**Problem details**
Because only the text is wanted, repeat the records below exactly and omit the pictures.

**Task material**
++++++

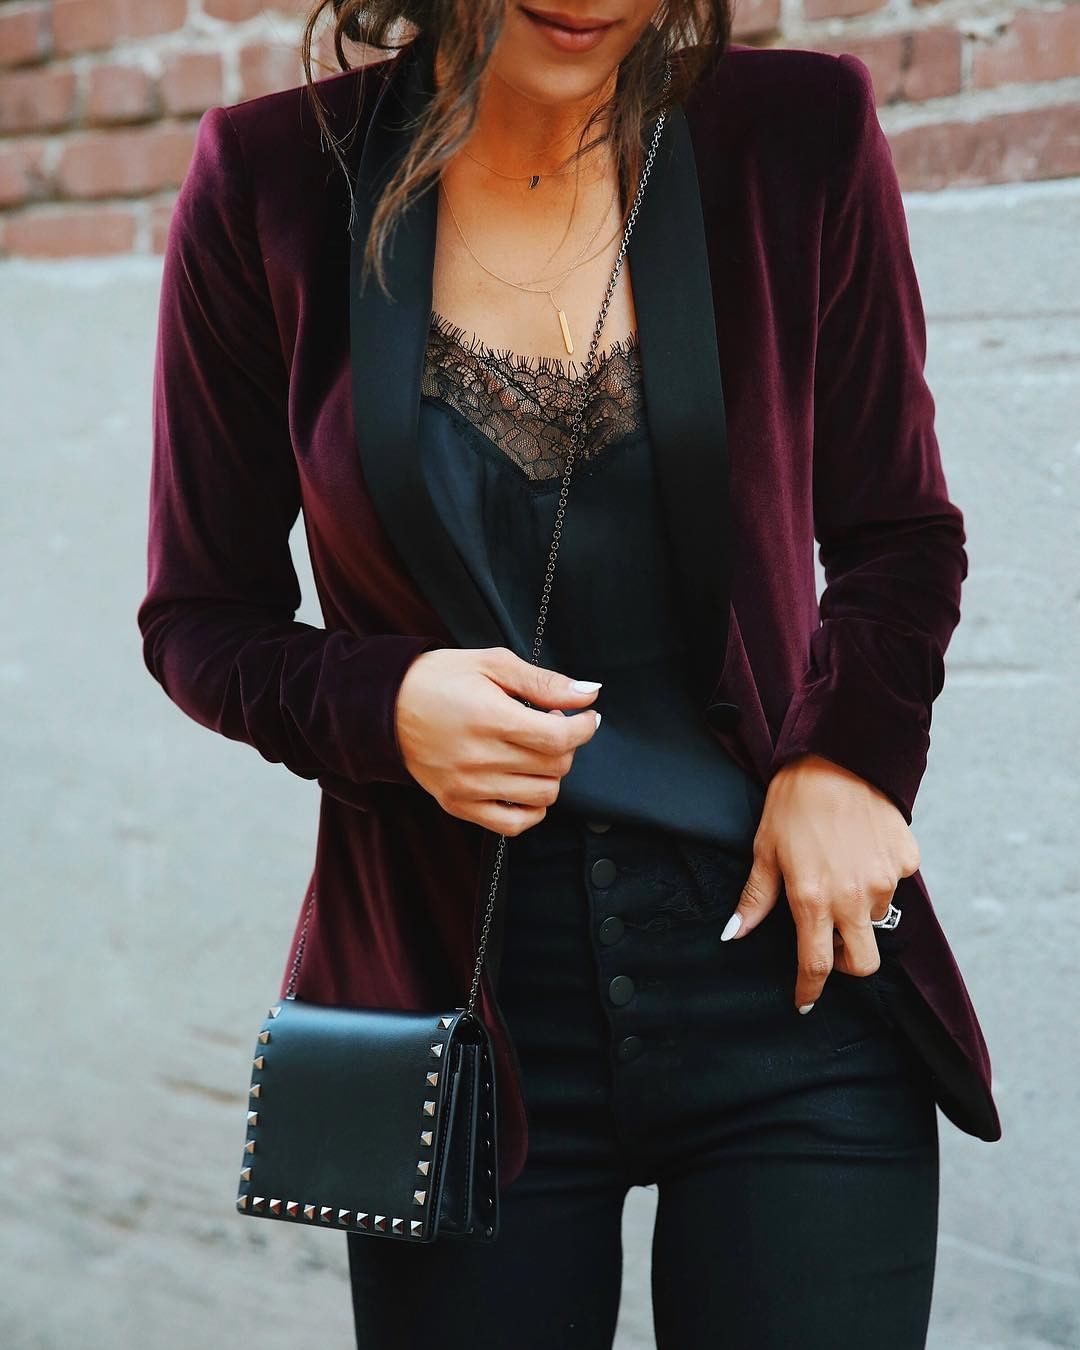 Layer your lacey cami with a luxe velvet blazer for #LTKholidaystyle with a twis…
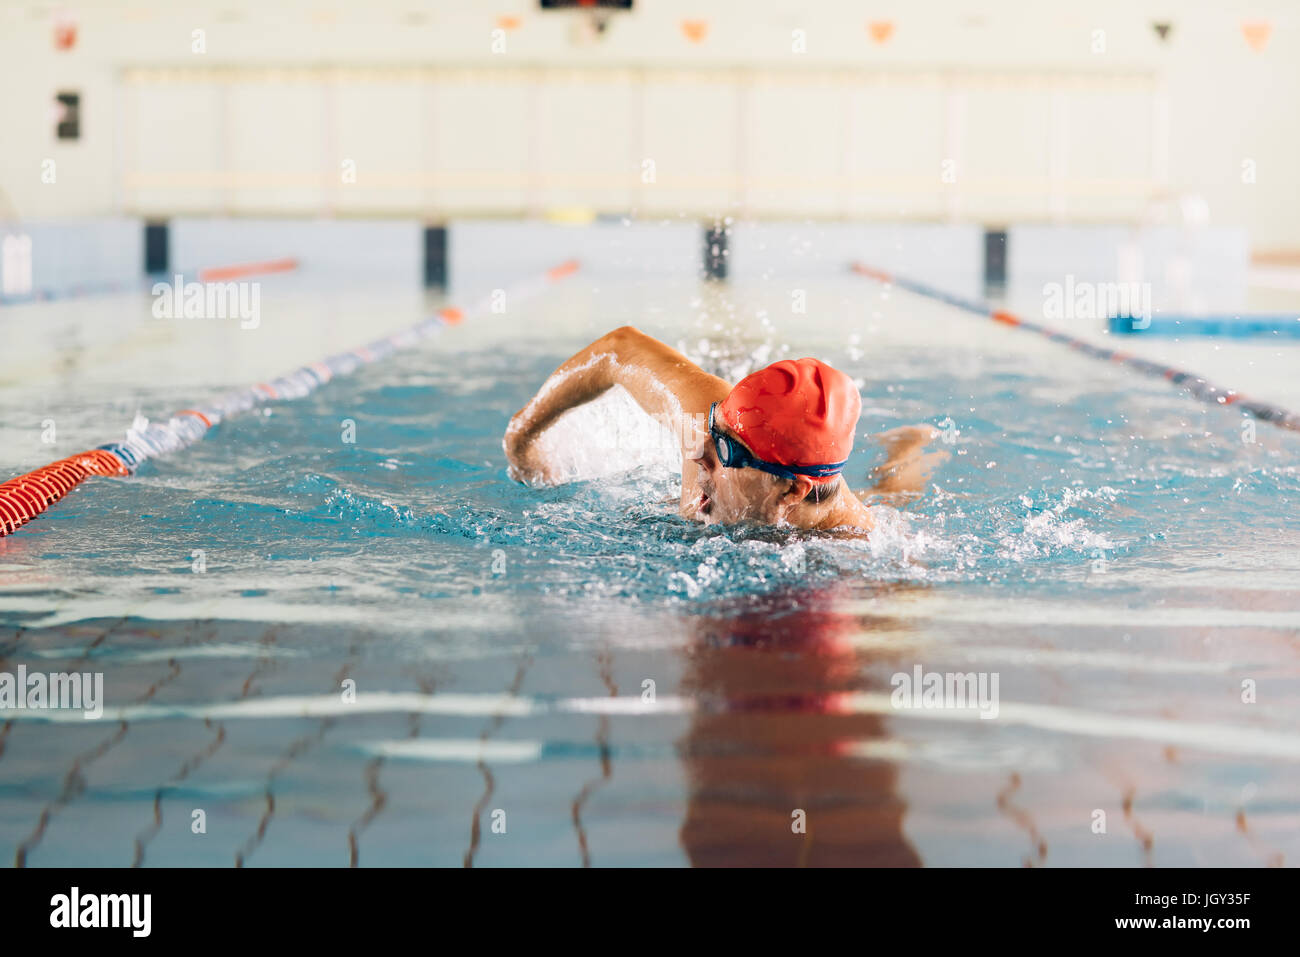 Senior man swimming in pool Banque D'Images
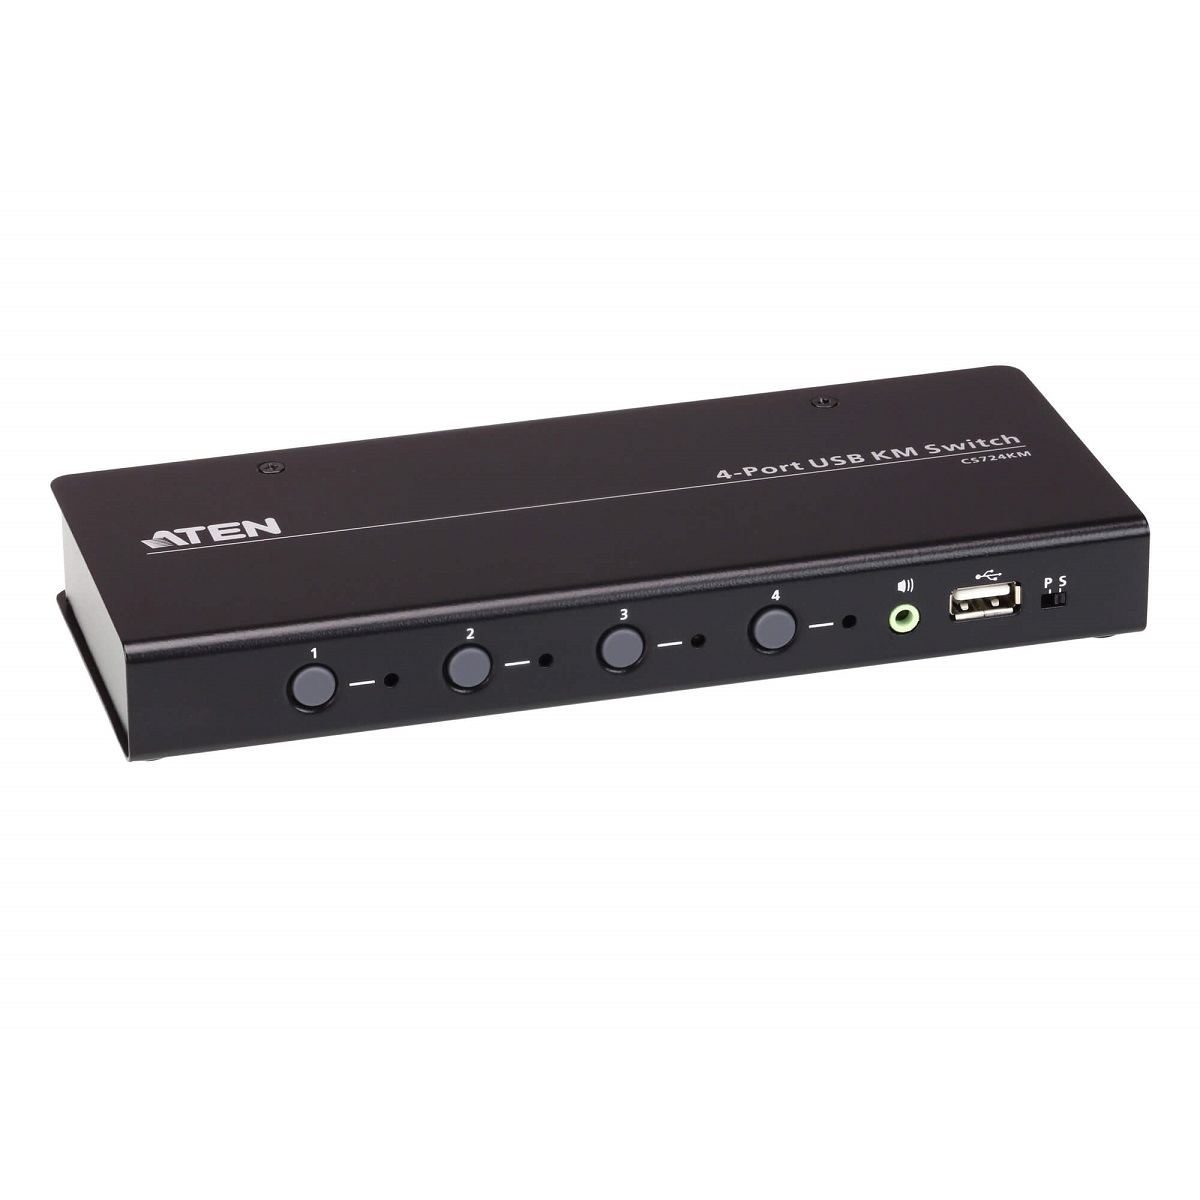 Aten KM Switch 4 Port USB Boundless Switching w/ Audio, Cables Included, Daisy Chain Up to 2 (8 Computers Total)
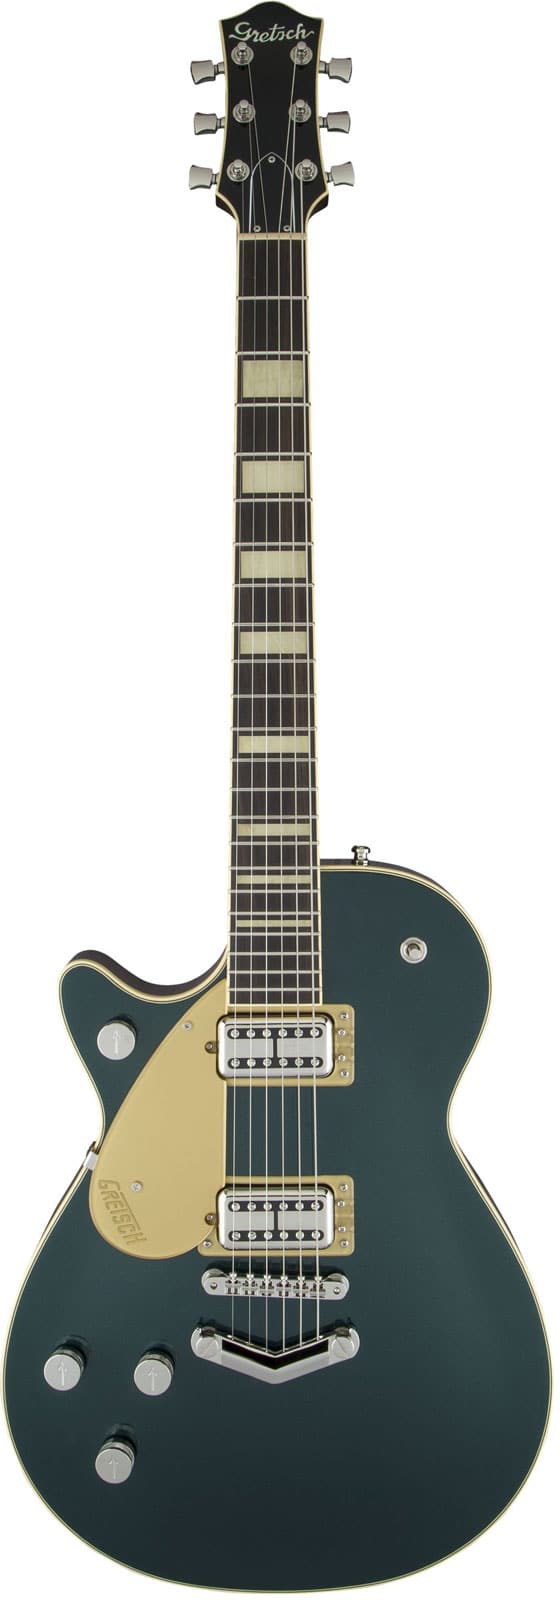 GRETSCH GUITARS G6228LH PLAYERS EDITION JET BT WITH V-STOPTAIL, LHED RW, CADILLAC GREEN
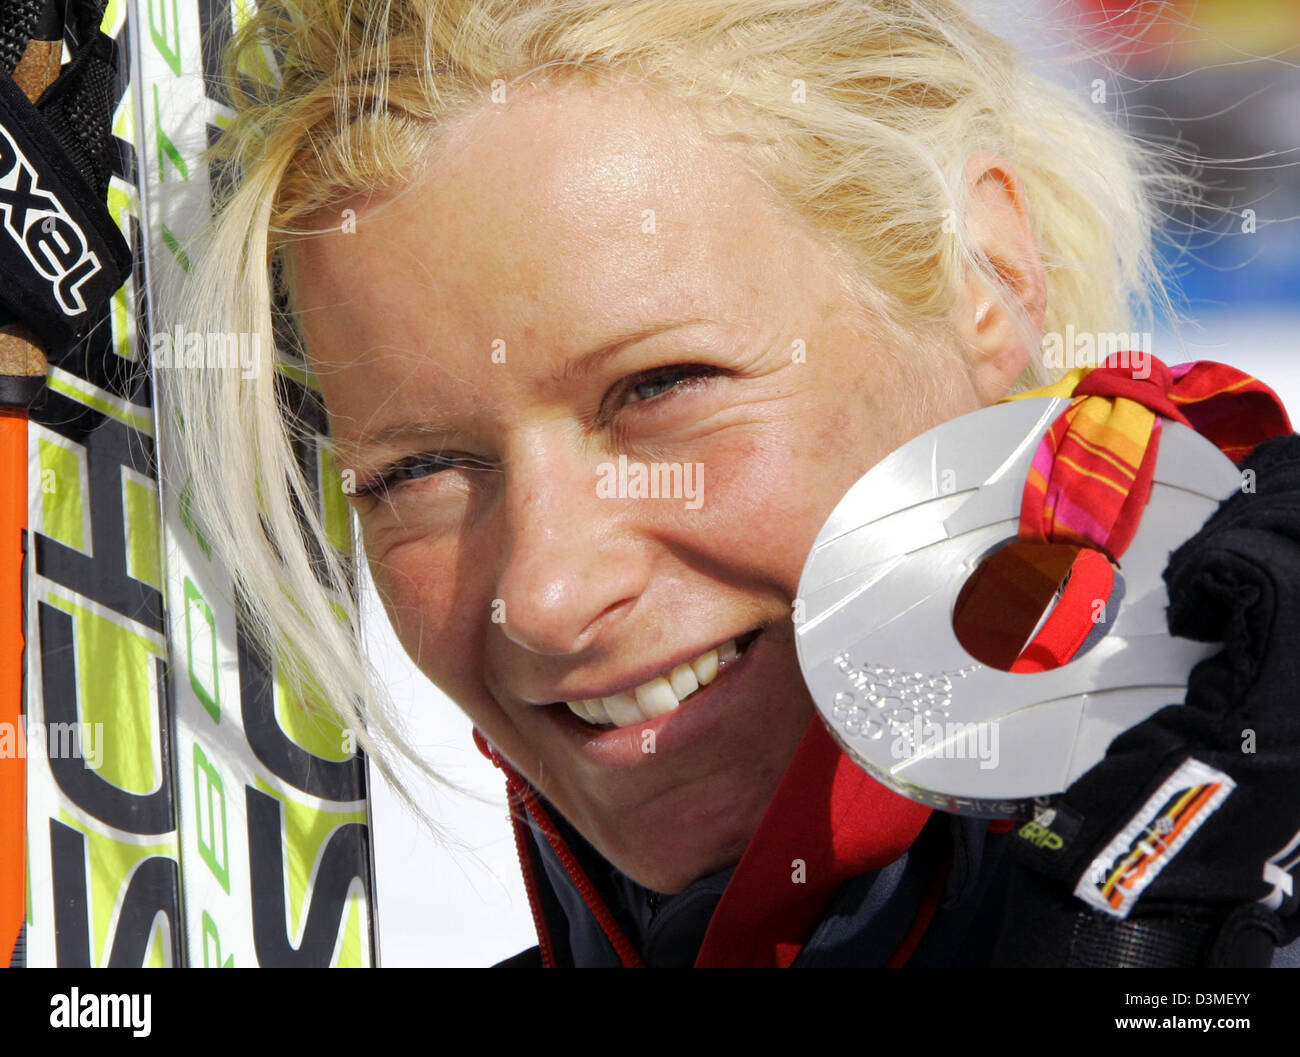 German cross-country skier Claudia Kuenzel presents her silver medal after coming in second in the Women's 1.1 km Cross-Country Sprint event at the Turin Winter Olympics in Pragelato Plan, Italy, Wednesday, 22 February 2006. Photo: Bernd Thissen Stock Photo

++++++

**Expected answer**
 Layer your lacey cami with a luxe velvet blazer for #LTKholidaystyle with a twis…
 Senior man swimming in pool Banque D'Images
 Aten KM Switch 4 Port USB Boundless Switching w/ Audio, Cables Included, Daisy Chain Up to 2 (8 Computers Total)
 GRETSCH GUITARS G6228LH PLAYERS EDITION JET BT WITH V-STOPTAIL, LHED RW, CADILLAC GREEN
 German cross-country skier Claudia Kuenzel presents her silver medal after coming in second in the Women's 1.1 km Cross-Country Sprint event at the Turin Winter Olympics in Pragelato Plan, Italy, Wednesday, 22 February 2006. Photo: Bernd Thissen Stock Photo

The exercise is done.